Morgoth, on 08 September 2017 - 07:21 AM, said:
My brother and I have been talking about taking up another co-op shooter to play together. We've previously done all the halo games and all the gears of war games, playing through the campaign mostly. So, what is the Destiny 2 campaign like, is it actually worth playing through for the storytelling?
I've heard good things. I've also heard that it was "made to be played solo", so no idea if it's actively worse in coop or anything.
So, on the bs shader system - I've seen a lot of people defending it. Most of the arguments go like this:
1. You get heaps of Shaders once you reach endgame
2. Just save your shaders and don't use them on blues/until you have the armor you want.
3. It's just cosmetic!
Now aside from the fact that #3 is not a defense anyway (people like cosmetic gear - if they didn't, games wouldn't sell them or include cosmetic options at all, so don't act like they aren't important to some people), it is also undermined by the microtransactions for gear mods which are NOT just cosmetic.
#1 - I find this a laughable argument because it tells me that people haven't thought the issue through. They're reacting on emotion, knee-jerk responses because they don't care, or because they are blinded by their fandom. The problem with it is this: if there are so many shader drops that it doesn't matter and you have excess copies, then why do that system in the first place?
This particular argument defeats itself by essentially saying that the system doesn't do anything. If the drops are so common as to make them unlimited use... Then why not make them unlimited use and reduce the drop rate slightly?
Next: this runs afoul of rarer drops. Raid shaders, event shaders, whatever are not going to be so common. So if you want them you end up back at the fundamental problem of them encouraging you to spend real money (or waste time grinding) to get what you want. So it fails on multiple levels.
#2 - I think this argument is really telling. It tells me that the people making the argument are missing an even more fundamental flaw than the people making argument 1. If your response to something being expendable is "just don't use it unless you have the legendary armor you want", it shows the flaw that has existed since Destiny launched. It's too easy to get legendary armor. So-called legendary armor isn't legendary. It's the default. It's common. It's what you're supposed to have. And that's a much bigger failing of Destiny than people want to admit.

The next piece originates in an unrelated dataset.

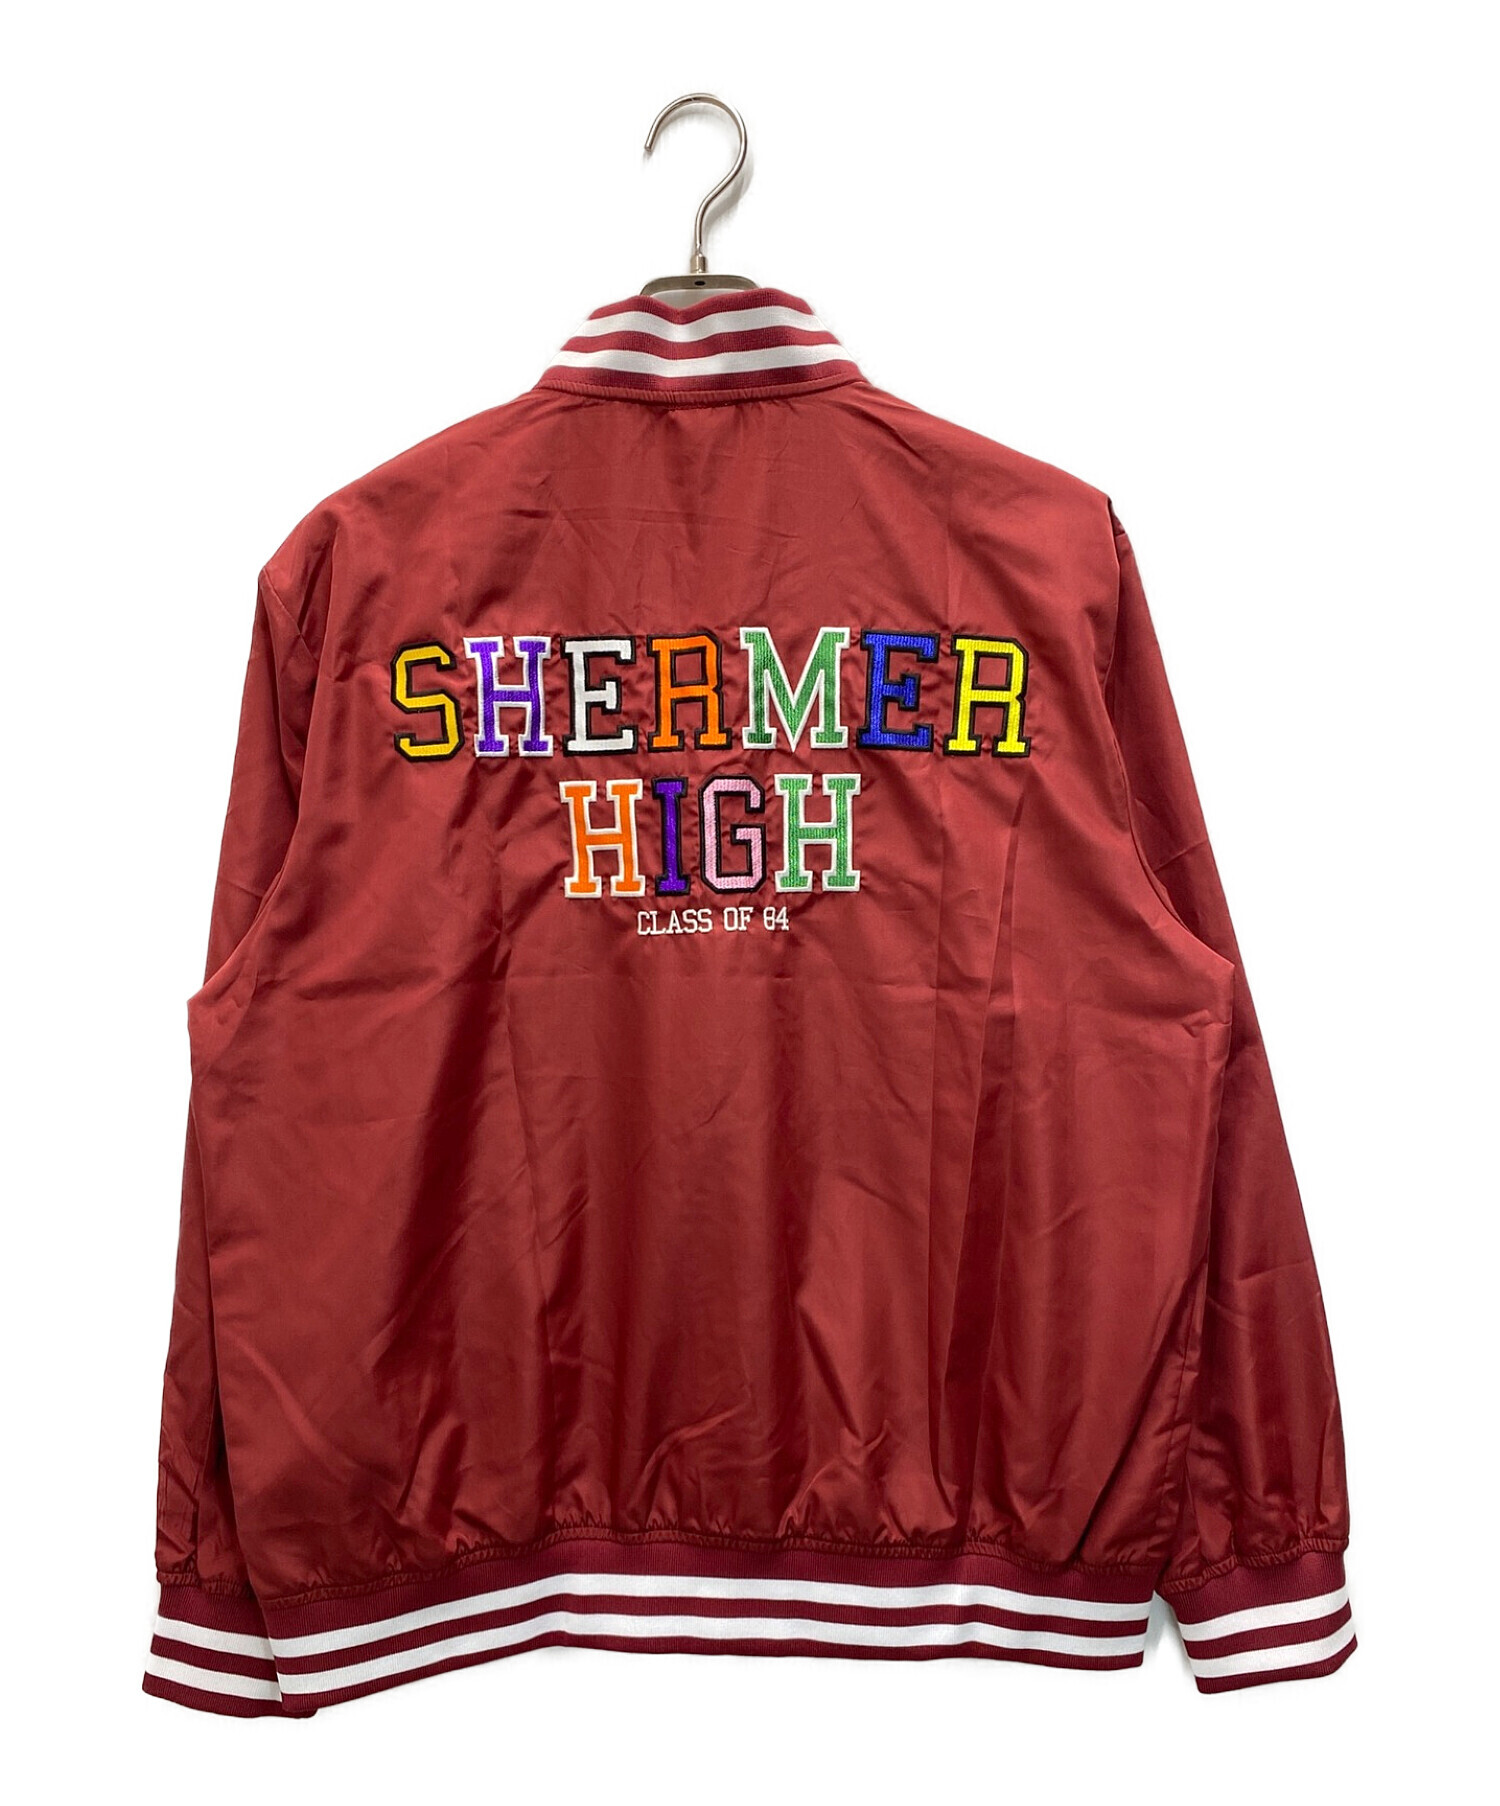 shermer academy winner jacket red - ジャケット・アウター

Dismissing peoples concerns about wasting items on lower tier gear by just saying "wait five minutes until you get the good stuff" shows just his shallow Destiny 2's loot pool is. As always, greens and blues are essentially trash garbage you're expected to use for five minutes then discard because you have something better. Not only does this highlight a problem with the loot grind and skinner box nature of Destiny, it clearly shows the fundamental lack of care Destiny gives towards progression and more importantly - customisation. It tells me that D2 hasn't learned any lessons from D1 on that front.
It also, again, ignores the fact that some gear, like the Raid set, is not so easy to obtain if you want specific pieces. So how long should those people wait? How long should they go around with poorly coordinated armor? Or are we just going to do away with the pretense and acknowledge what some of these people are saying is 'filthy casuals don't deserve proper customisation because I play 20 hours a week and can grind until I get what I want easily'?